This paper describes hypercalcemic crisis and aplastic anemia in a middle-aged patient with T-LBL from sub-Saharan Africa who had a short-term fatal outcome. Needless to say, T-LBL is rare and the lowest incidence -0.8 per 100,000 people per year-is recorded in the 25-64 years age group . Hypercalcemic crisis and aplastic anemia were unexpected in this patient, because they have not been described in patients with T-LBL, to the best of our knowledge, unlike lymph node enlargement and bone involvement, which are typical findings in patients with T-LBL . Moreover, T-LBL was revealed by the hypercalcemic crisis.
Severe hypercalcemia and common related signs (confusion, abdominal pain, constipation, nephrogenic diabetes insipidus, acute kidney injury, systolic hypertension, sinus tachycardia) and consequences (hypernatremia and hypokalemia)  were notably the most prominent manifestations at presentation. It is remarkable that calciphylaxis, an unusual skin manifestation of hypercalcemia due to peripheral vascular calcification , was also observed. Calciphylaxis was evoked due to lower-limb purpura evolving in parallel with serum calcium, but not with platelet counts, and in keeping with the fact that T-LBL-specific treatment had not been started when the purpura had completely regressed . Based on knowledge from other NHLs, hypercalcemia would result from increased 1.25(OH)2D3 and/or PTH-rp activity . Nonetheless, the normal calcitriol and PTH-rp levels found in this patient could not support that hypothesis. Furthermore, we did not observe an ectopic secretion of PTH. These findings together with the skull osteolytic lesion suggest that hypercalcemia likely resulted from osteolysis.
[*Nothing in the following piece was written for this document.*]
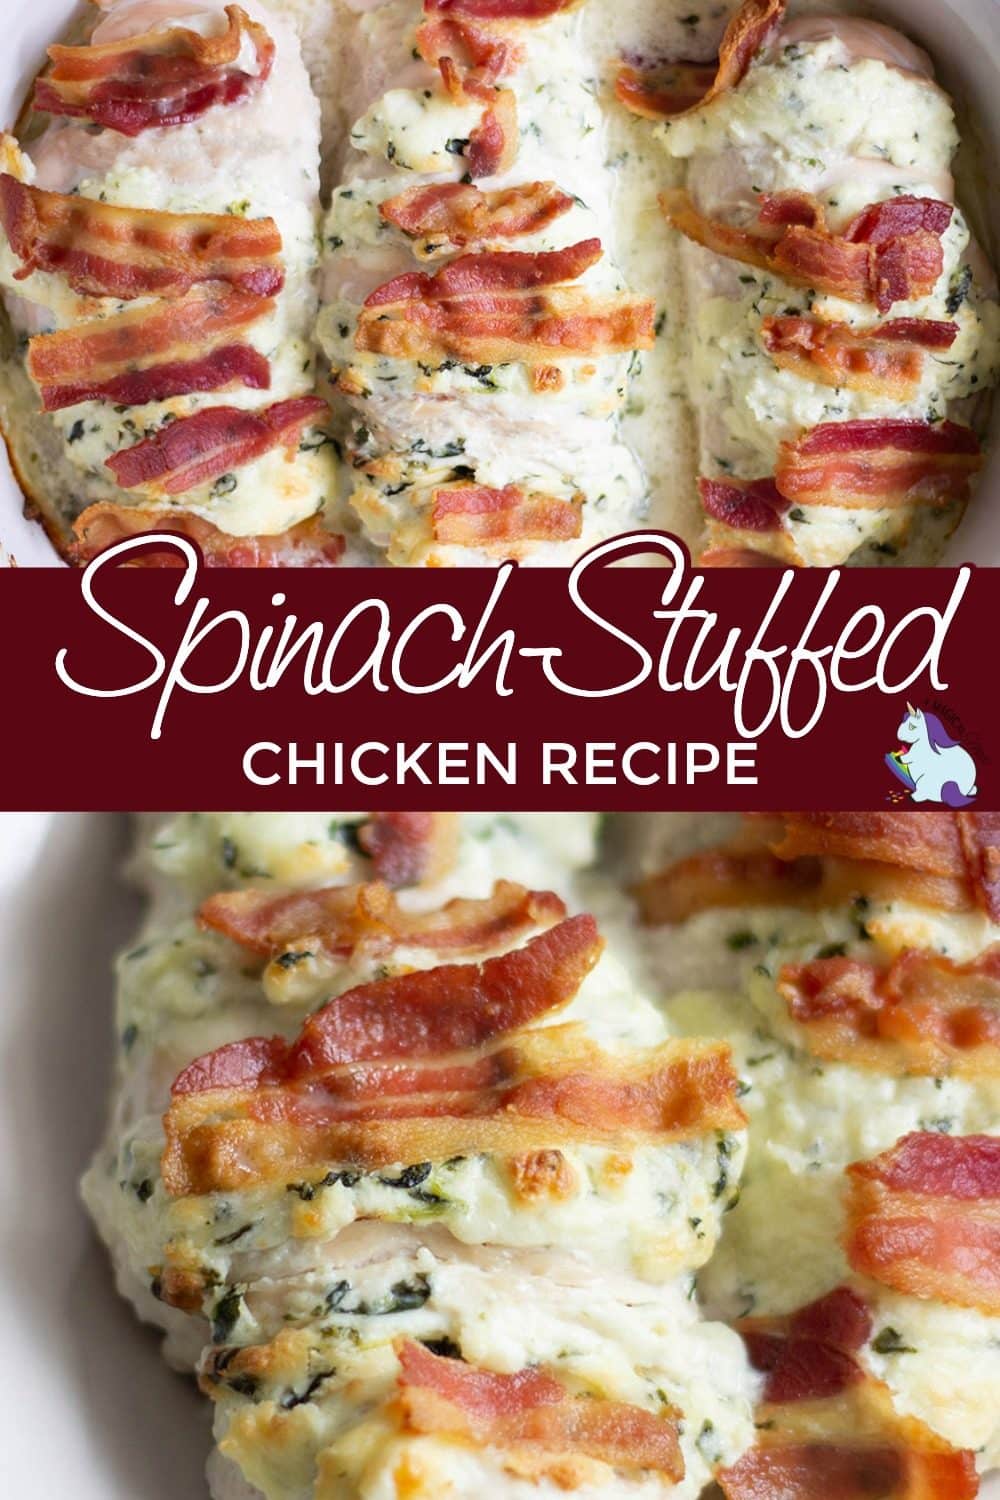 Chicken stuffed with bacon and spinach.

Aplastic anemia, the second most striking manifestation in this patient, was recently described in 19 patients with B-cell subtypes of NHL in a multicenter European study . The age of our patient corresponds to the median age of patients in that study at the time of lymphoma diagnosis. In addition, seven patients were simultaneously diagnosed with aplastic anemia and lymphoma in that study, as in our patient. Considering all these similarities, we believe that the co-occurrence of both conditions in our patient was not coincidental, even if no specific case of T-lymphoma was reported in the prior study . The putative links between aplastic anemia and lymphoma depend on the presentation sequence of both conditions. Indeed, aplastic anemia is considered an autoimmune paraneoplastic condition when diagnosed simultaneously with lymphoma . However, this is just speculation, and there is a need for in-depth study of the precise mechanistic link.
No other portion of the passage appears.